### Material for the task

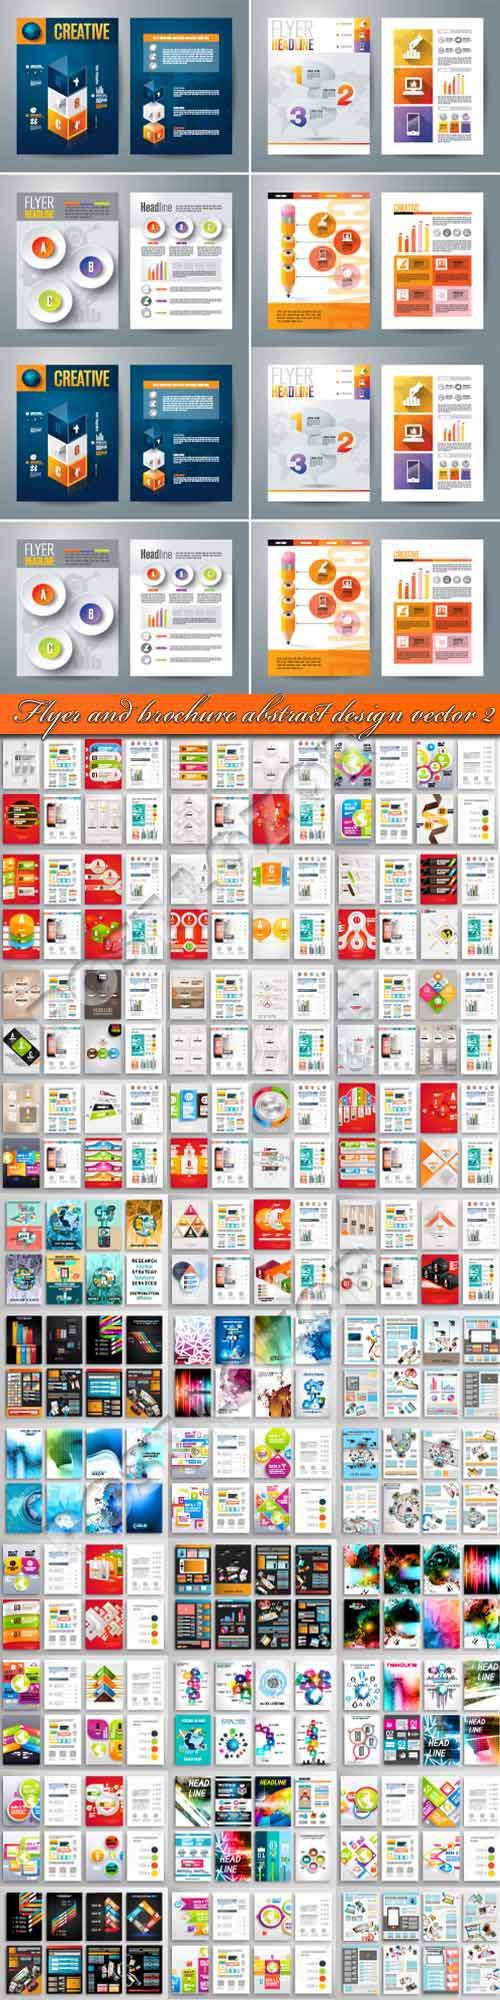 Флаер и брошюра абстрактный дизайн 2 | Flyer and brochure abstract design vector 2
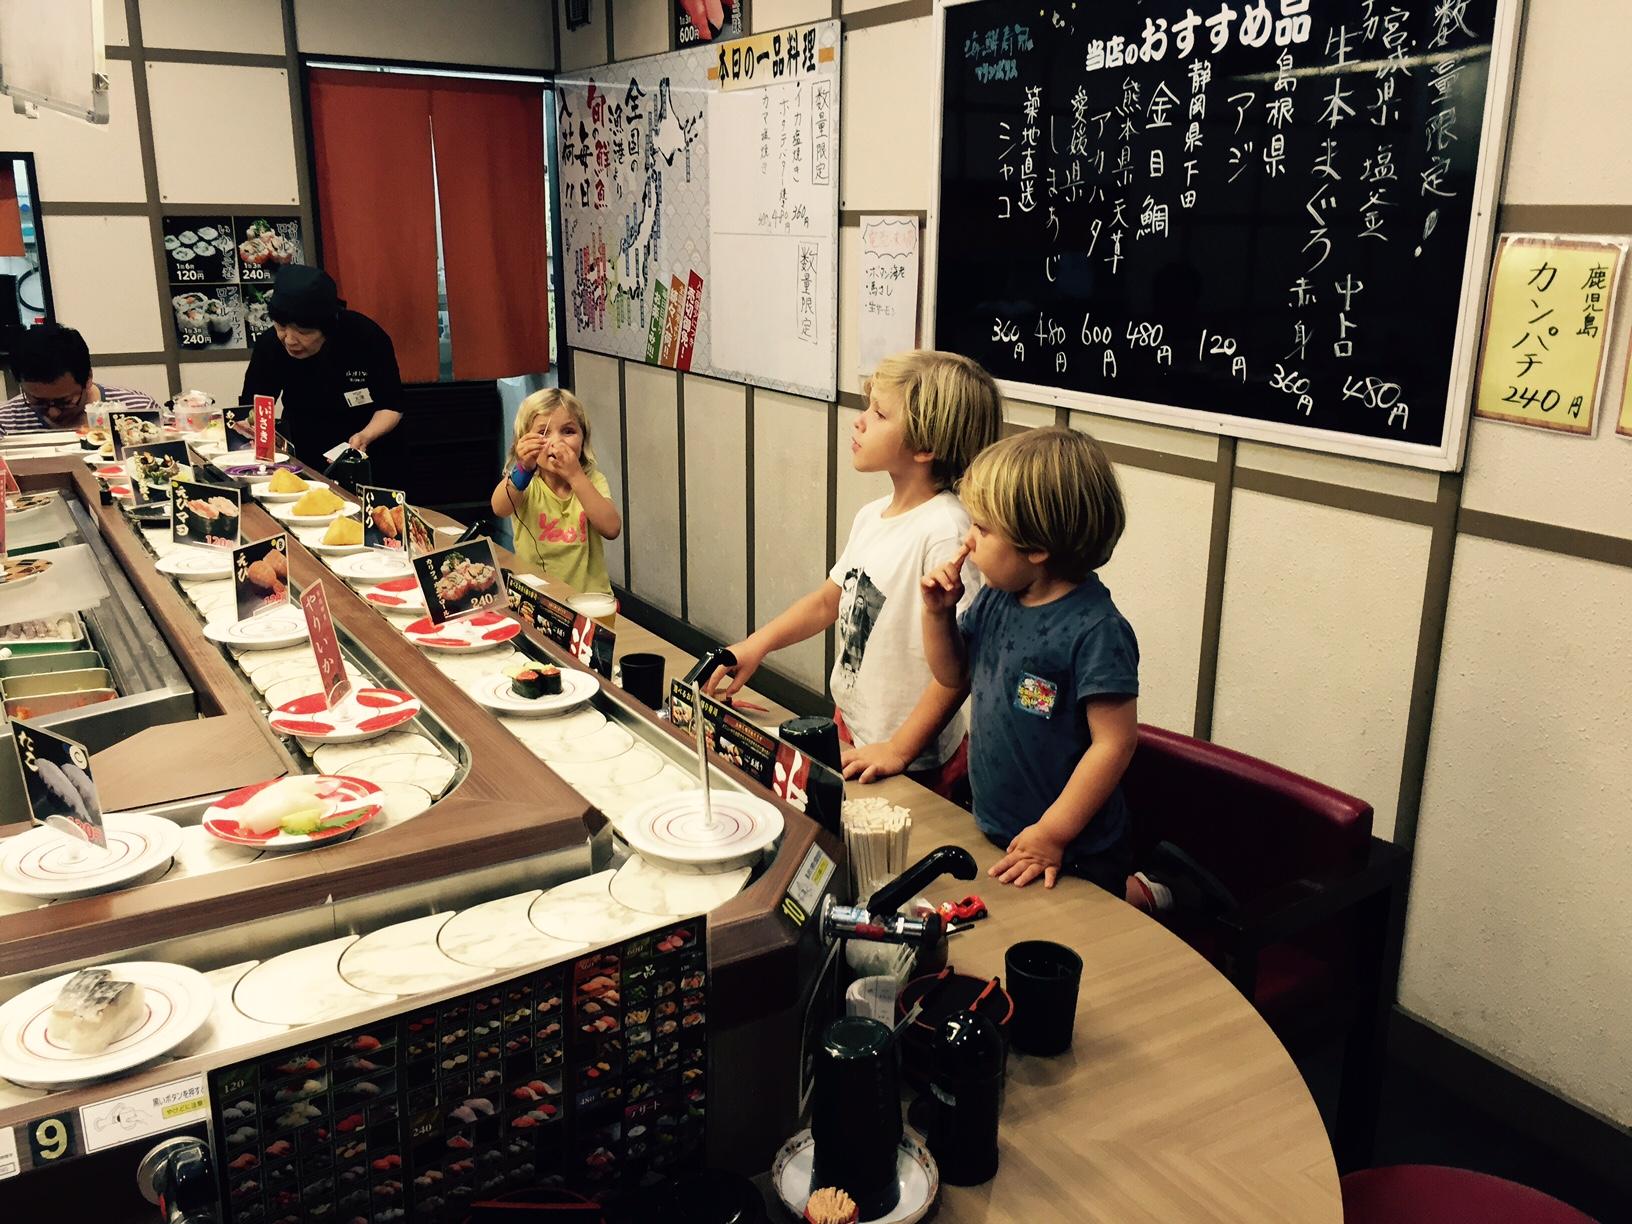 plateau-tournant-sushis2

---

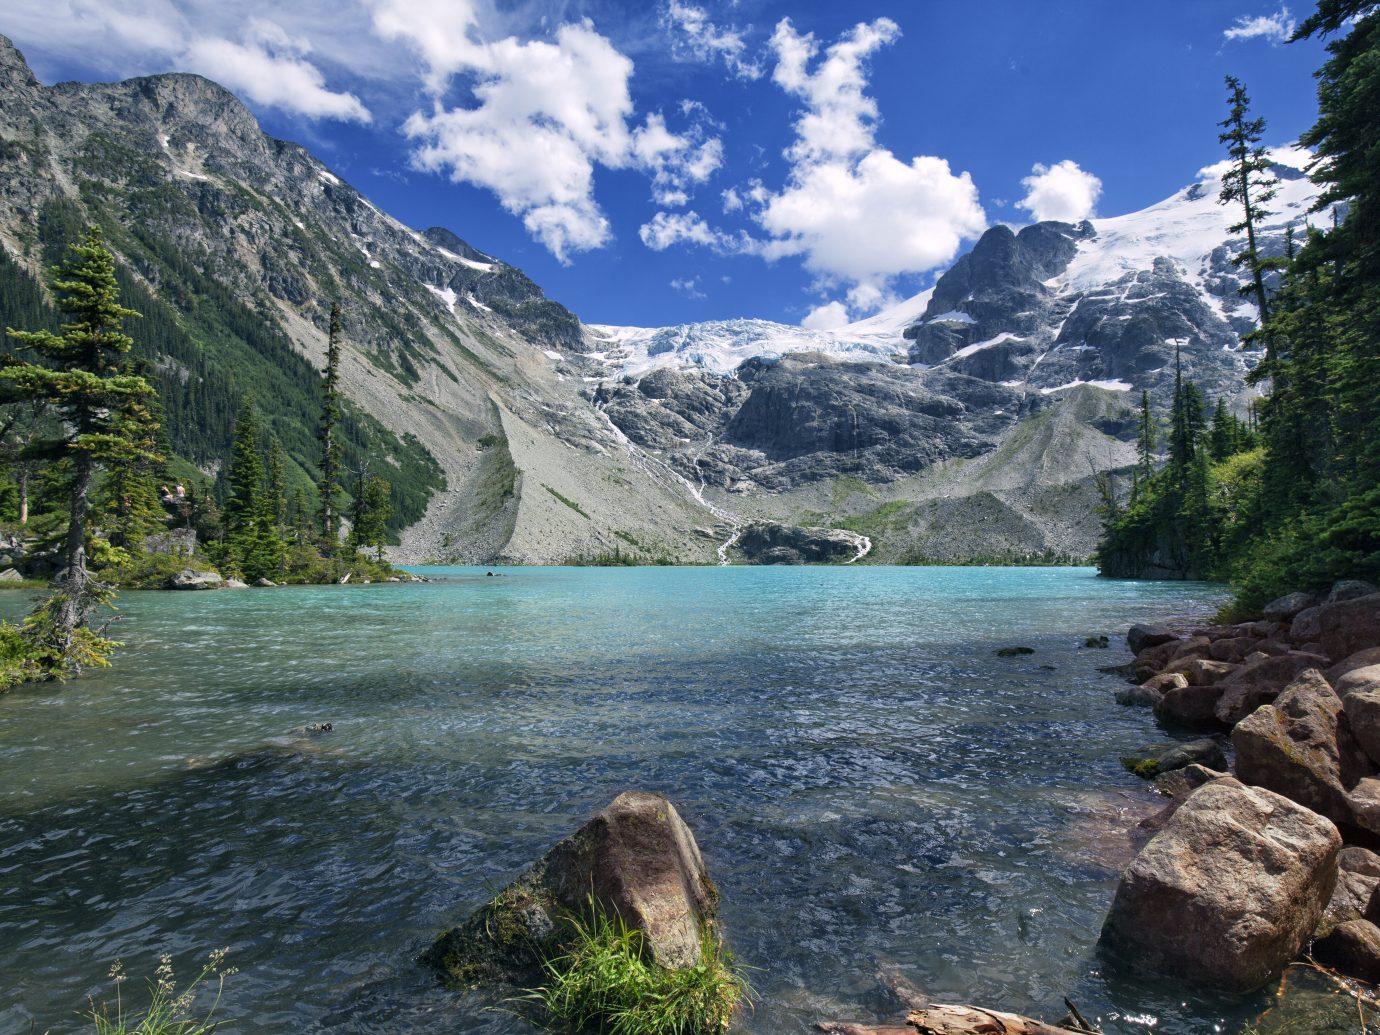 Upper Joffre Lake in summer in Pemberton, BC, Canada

### Task goal
A verbatim reproduction is expected: starting at the line above that has "Флаер и брошюра", ending at the line that has "plateau-tournant-sushis2", both included, and with no pictures and no other lines.

### Reply to the task
 Флаер и брошюра абстрактный дизайн 2 | Flyer and brochure abstract design vector 2
 plateau-tournant-sushis2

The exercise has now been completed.